#### Directions
The answer must consist of every line from the data that holds "Bedroom".

■ ■ ■ ■ ■ ■ ■

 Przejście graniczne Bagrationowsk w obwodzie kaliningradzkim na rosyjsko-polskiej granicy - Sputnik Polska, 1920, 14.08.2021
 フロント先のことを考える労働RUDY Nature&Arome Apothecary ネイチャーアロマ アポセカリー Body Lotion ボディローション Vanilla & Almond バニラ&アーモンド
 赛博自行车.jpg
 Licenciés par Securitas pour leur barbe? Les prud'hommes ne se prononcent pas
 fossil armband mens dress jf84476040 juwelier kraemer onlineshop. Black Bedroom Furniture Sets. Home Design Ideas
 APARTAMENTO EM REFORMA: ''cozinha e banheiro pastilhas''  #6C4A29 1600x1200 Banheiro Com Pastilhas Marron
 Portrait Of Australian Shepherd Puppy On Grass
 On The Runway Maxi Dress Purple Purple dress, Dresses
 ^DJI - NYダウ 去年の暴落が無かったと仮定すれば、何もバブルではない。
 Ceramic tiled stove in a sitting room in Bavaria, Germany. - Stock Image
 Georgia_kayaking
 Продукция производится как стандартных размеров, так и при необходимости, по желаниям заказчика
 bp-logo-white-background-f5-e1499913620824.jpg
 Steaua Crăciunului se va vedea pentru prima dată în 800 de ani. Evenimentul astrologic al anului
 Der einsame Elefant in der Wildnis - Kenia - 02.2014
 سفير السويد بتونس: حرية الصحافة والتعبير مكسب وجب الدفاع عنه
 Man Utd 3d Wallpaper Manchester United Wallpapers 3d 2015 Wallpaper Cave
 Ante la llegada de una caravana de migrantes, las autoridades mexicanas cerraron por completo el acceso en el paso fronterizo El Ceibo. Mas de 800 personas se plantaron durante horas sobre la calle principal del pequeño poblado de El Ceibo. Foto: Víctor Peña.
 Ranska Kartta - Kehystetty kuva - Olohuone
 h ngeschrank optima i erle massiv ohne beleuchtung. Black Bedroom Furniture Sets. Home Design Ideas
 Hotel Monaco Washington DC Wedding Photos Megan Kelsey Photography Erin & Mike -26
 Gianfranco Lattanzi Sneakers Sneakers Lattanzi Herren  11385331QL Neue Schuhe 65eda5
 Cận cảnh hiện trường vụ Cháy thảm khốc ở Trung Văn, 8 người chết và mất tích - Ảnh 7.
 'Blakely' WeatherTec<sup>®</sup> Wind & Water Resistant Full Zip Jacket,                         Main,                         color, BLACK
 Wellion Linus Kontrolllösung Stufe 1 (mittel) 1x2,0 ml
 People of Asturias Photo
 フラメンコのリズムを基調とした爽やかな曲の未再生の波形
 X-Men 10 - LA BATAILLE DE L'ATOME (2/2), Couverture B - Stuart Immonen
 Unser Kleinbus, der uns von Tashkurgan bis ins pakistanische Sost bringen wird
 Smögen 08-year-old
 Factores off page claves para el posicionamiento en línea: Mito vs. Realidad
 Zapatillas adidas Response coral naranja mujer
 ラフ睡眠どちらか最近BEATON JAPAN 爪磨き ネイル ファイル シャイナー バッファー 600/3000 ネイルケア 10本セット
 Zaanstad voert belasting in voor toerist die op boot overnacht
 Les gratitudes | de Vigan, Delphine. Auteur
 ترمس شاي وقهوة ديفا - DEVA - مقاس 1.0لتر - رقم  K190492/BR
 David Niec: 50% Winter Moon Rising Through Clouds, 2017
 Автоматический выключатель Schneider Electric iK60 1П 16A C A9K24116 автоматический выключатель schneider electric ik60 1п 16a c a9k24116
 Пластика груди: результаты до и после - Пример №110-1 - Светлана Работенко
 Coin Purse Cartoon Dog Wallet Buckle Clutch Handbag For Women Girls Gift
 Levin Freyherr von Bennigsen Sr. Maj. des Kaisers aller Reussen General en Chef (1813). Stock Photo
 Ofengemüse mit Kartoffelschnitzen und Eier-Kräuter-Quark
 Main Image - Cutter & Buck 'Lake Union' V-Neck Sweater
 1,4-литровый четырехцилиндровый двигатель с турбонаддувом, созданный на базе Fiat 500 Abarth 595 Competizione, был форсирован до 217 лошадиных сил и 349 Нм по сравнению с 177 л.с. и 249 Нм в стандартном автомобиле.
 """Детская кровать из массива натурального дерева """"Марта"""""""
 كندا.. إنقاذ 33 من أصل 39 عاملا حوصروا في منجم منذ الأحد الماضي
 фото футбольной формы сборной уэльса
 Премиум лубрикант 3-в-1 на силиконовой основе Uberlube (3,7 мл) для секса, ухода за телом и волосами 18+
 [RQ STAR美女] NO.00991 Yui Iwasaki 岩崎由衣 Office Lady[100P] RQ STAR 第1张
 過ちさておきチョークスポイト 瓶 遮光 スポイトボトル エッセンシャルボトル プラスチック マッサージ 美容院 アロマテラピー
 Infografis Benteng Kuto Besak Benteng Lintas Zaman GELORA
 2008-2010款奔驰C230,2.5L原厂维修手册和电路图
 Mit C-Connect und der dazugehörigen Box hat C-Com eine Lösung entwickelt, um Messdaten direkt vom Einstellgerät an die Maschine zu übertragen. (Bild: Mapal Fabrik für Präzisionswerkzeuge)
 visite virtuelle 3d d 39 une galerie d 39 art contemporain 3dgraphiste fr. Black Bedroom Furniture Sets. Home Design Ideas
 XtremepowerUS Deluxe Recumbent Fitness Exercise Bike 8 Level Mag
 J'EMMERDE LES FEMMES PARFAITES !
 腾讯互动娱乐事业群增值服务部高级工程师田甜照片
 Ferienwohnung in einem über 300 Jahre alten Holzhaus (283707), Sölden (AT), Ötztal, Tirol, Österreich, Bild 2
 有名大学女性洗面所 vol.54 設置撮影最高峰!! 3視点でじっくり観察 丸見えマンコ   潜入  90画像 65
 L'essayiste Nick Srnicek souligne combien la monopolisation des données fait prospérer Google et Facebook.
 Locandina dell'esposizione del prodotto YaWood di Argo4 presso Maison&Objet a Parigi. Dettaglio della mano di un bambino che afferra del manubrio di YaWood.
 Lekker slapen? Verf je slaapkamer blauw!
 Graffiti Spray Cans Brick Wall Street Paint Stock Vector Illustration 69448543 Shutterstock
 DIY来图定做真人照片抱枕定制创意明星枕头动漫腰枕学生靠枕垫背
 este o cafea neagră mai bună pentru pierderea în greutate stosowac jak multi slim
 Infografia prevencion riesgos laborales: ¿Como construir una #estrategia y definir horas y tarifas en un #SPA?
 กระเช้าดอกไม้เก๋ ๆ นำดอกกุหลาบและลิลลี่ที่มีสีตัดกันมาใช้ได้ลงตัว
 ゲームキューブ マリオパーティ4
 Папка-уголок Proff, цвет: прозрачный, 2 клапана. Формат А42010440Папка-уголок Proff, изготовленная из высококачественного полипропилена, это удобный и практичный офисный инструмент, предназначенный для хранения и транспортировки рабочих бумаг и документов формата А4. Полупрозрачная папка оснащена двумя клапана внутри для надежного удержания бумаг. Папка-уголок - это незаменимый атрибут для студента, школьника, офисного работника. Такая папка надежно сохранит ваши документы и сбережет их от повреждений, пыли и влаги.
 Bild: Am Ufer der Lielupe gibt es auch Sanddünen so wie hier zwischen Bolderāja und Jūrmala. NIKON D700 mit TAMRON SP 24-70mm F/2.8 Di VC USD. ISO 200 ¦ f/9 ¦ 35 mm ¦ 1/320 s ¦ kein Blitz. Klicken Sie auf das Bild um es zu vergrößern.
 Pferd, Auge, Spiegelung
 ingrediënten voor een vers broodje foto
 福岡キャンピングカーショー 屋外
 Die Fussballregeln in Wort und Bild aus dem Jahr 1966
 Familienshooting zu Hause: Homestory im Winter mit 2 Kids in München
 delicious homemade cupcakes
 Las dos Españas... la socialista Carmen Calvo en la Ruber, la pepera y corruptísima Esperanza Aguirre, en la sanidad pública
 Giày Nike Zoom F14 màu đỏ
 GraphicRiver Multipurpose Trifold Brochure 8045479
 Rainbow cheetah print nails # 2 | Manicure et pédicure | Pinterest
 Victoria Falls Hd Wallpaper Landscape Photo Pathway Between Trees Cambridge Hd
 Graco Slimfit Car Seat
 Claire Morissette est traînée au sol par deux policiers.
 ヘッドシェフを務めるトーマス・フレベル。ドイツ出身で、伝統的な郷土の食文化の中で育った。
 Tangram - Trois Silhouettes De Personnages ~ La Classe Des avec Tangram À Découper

■ ■ ■ ■ ■ ■ ■

#### Solution to the exercise
 fossil armband mens dress jf84476040 juwelier kraemer onlineshop. Black Bedroom Furniture Sets. Home Design Ideas
 h ngeschrank optima i erle massiv ohne beleuchtung. Black Bedroom Furniture Sets. Home Design Ideas
 visite virtuelle 3d d 39 une galerie d 39 art contemporain 3dgraphiste fr. Black Bedroom Furniture Sets. Home Design Ideas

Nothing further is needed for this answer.